● DATASET
-.-.-

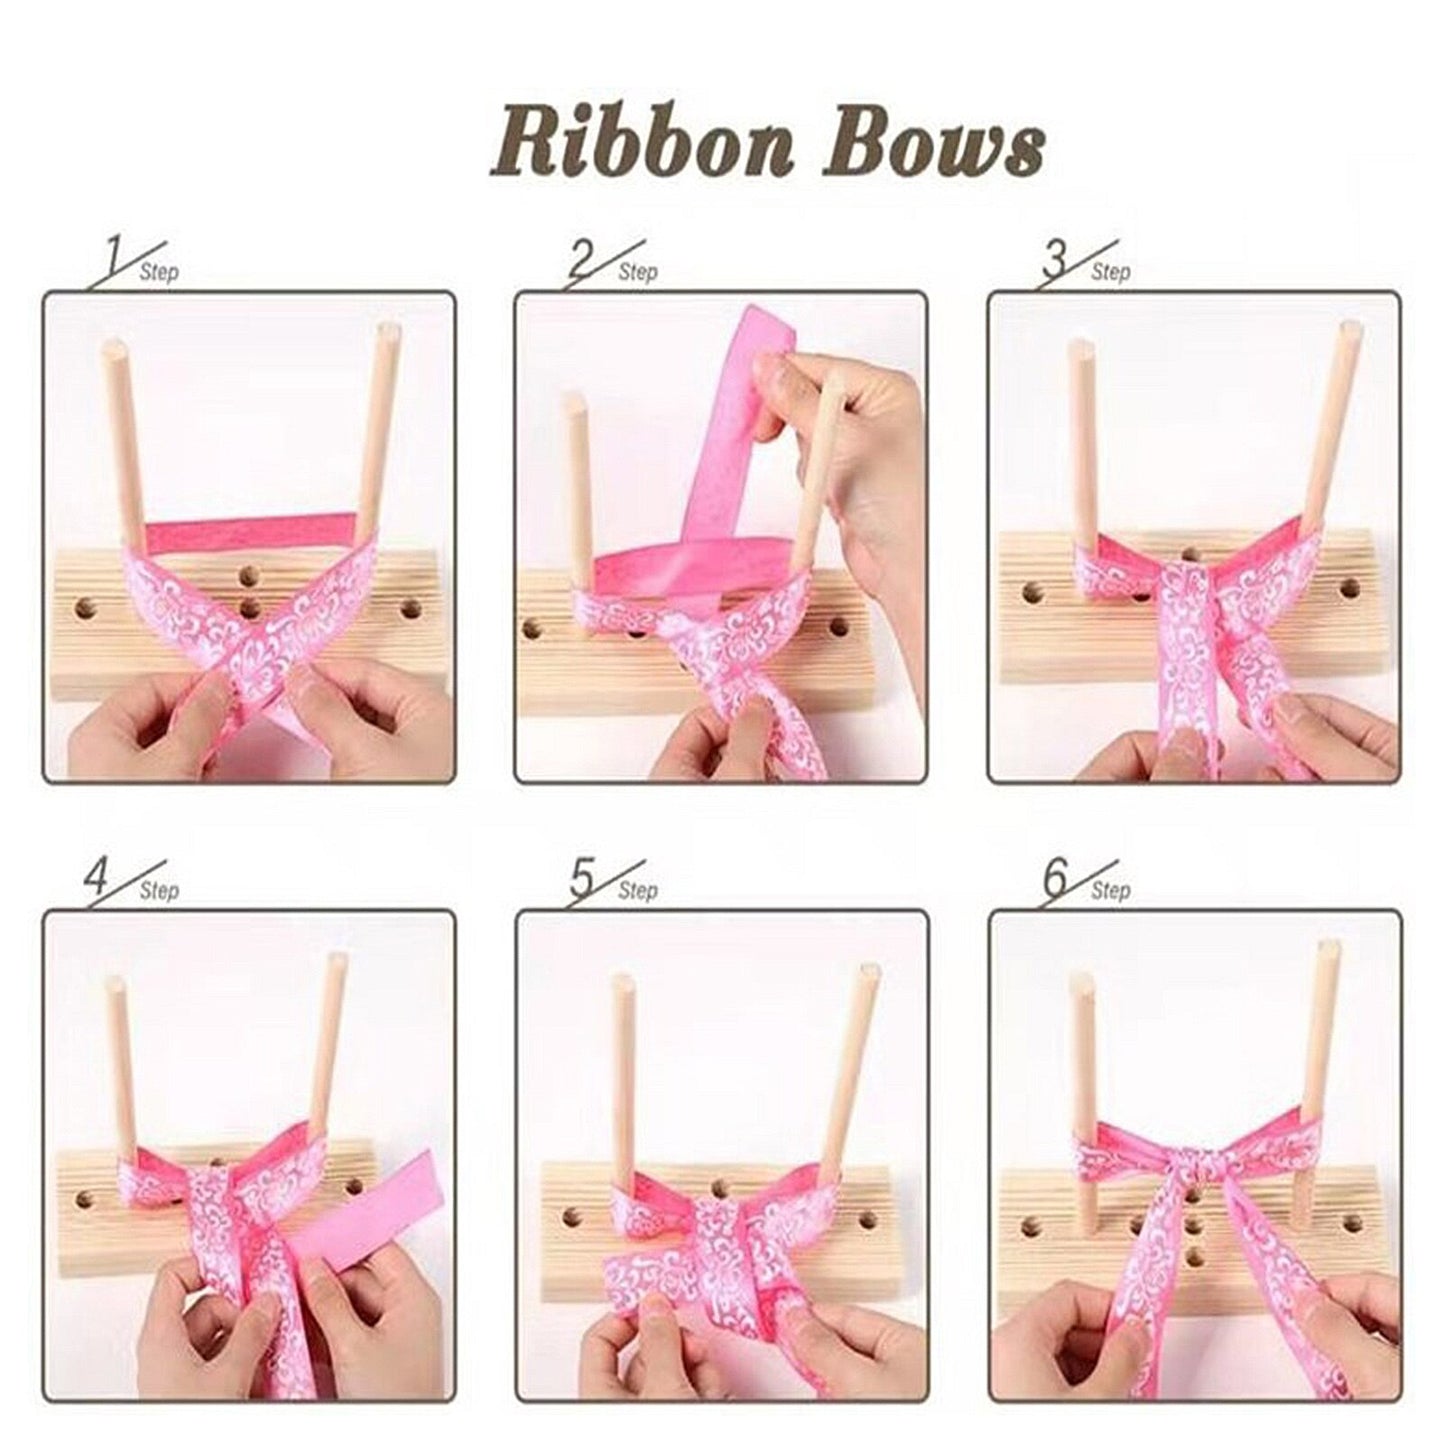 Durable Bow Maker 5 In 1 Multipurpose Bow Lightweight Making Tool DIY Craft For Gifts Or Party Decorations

-.-.-

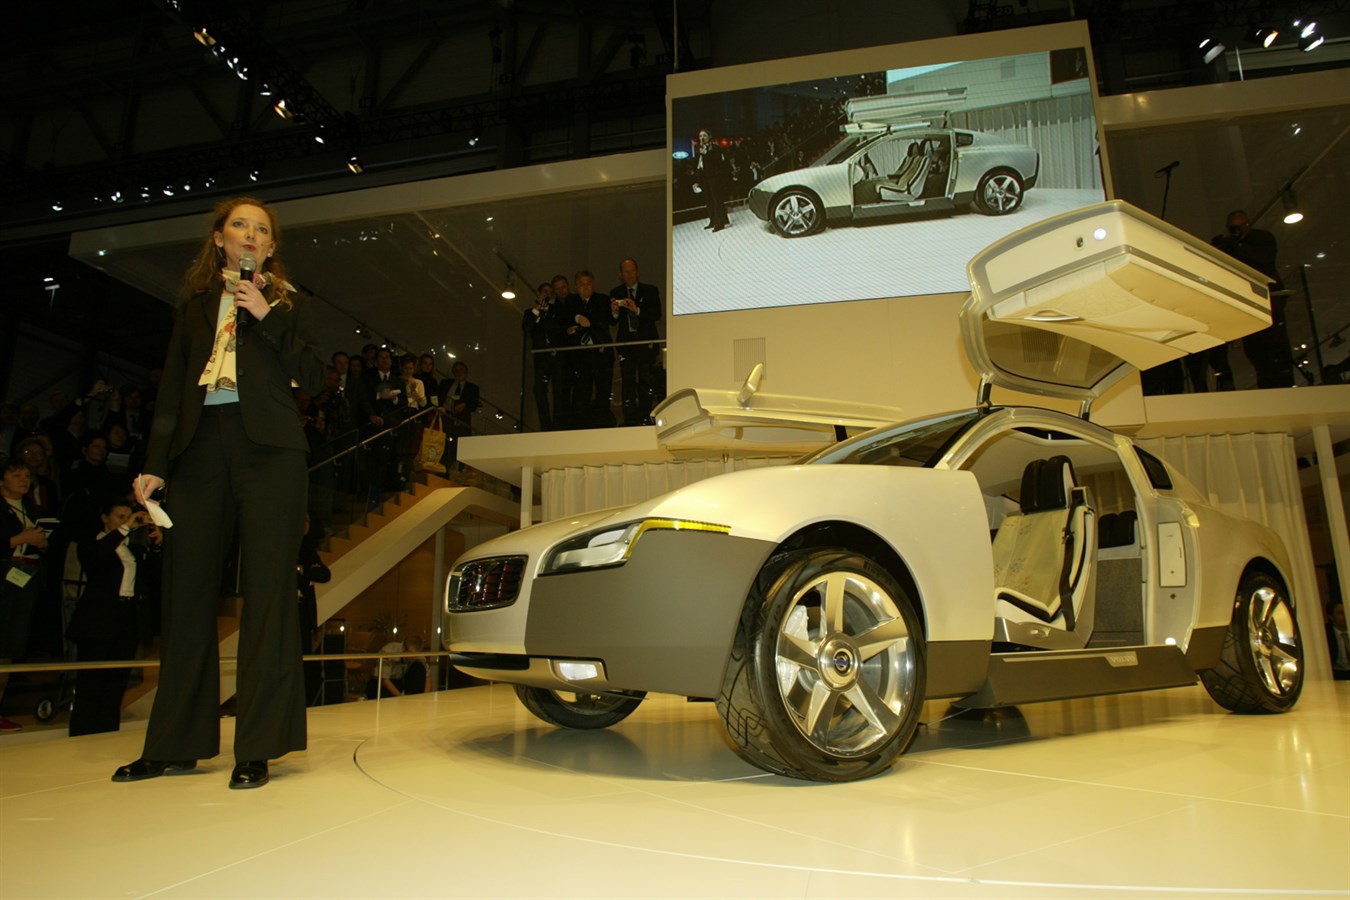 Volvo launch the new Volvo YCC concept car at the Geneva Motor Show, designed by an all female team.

-.-.-

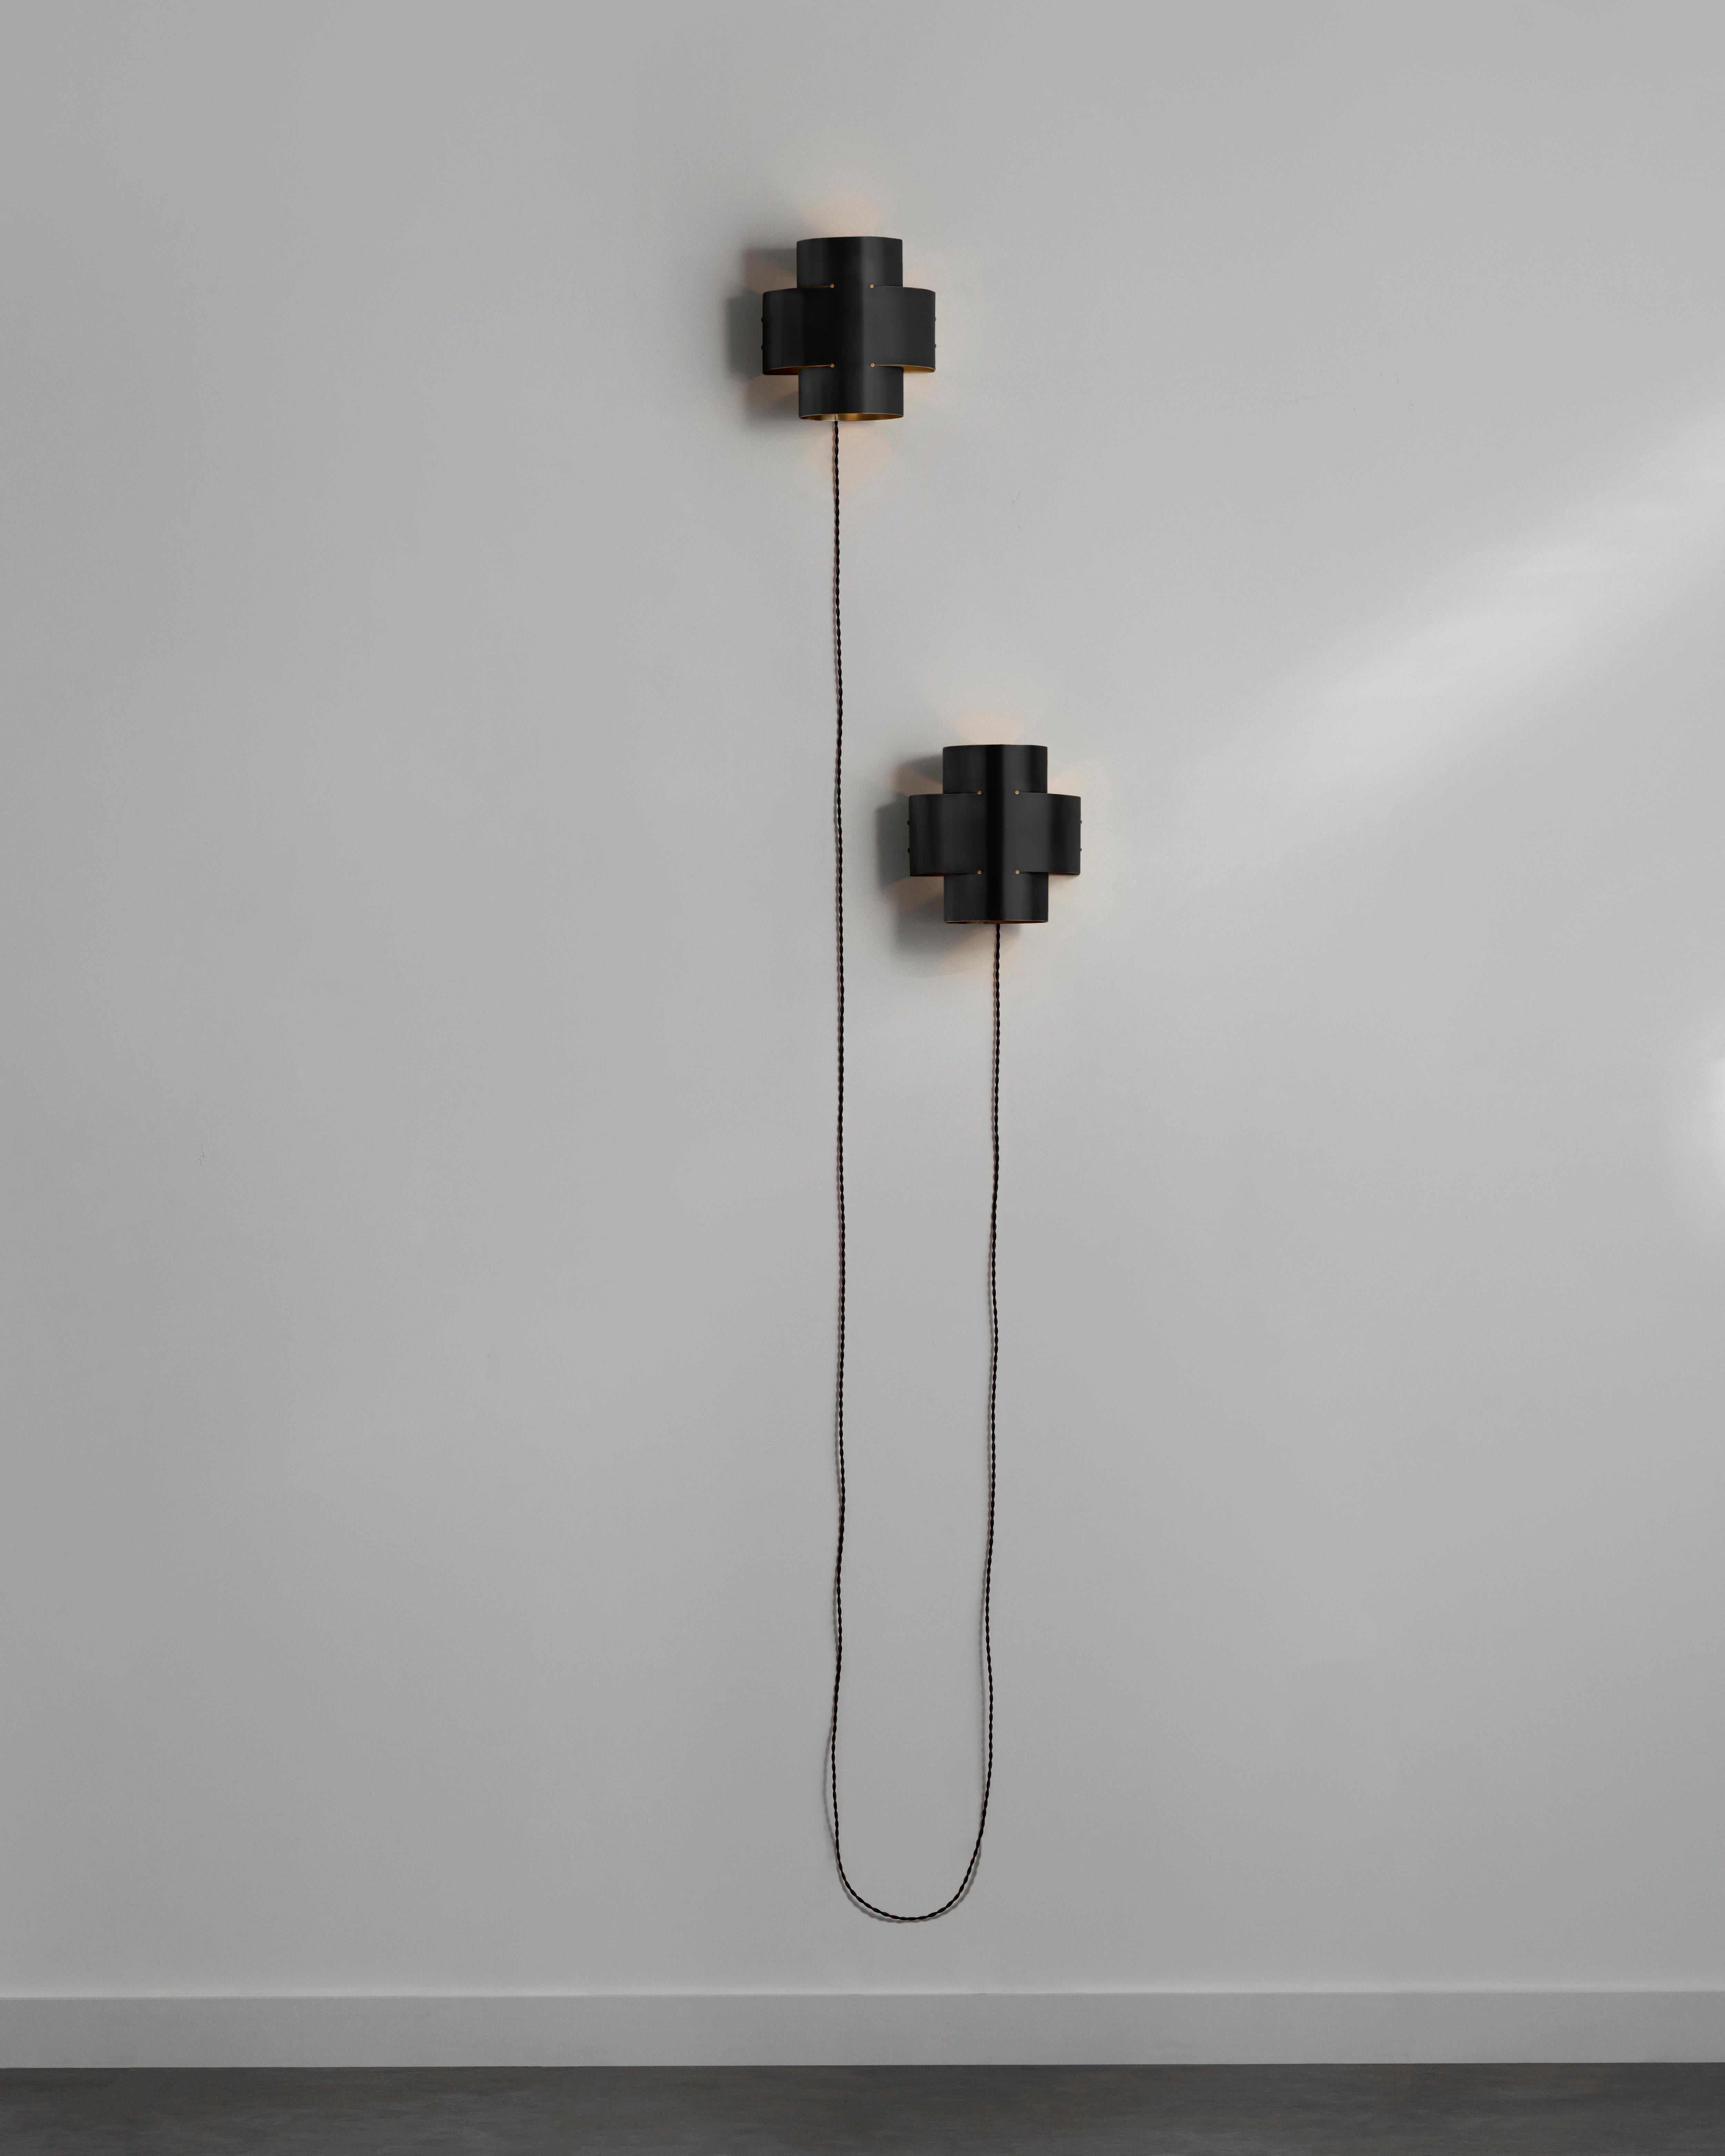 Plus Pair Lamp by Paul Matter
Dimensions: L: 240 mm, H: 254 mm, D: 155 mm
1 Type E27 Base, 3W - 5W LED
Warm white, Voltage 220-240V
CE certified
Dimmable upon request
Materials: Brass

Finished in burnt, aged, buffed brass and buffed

-.-.-

● EXERCISE REQUIREMENTS
Please copy the lines in the records above between the one holding "Dimmable upon request" and the one holding "Finished in burnt, aged, buffed", inclusive, exactly and with no other line.

● EXERCISE ANSWER
Dimmable upon request
Materials: Brass

Finished in burnt, aged, buffed brass and buffed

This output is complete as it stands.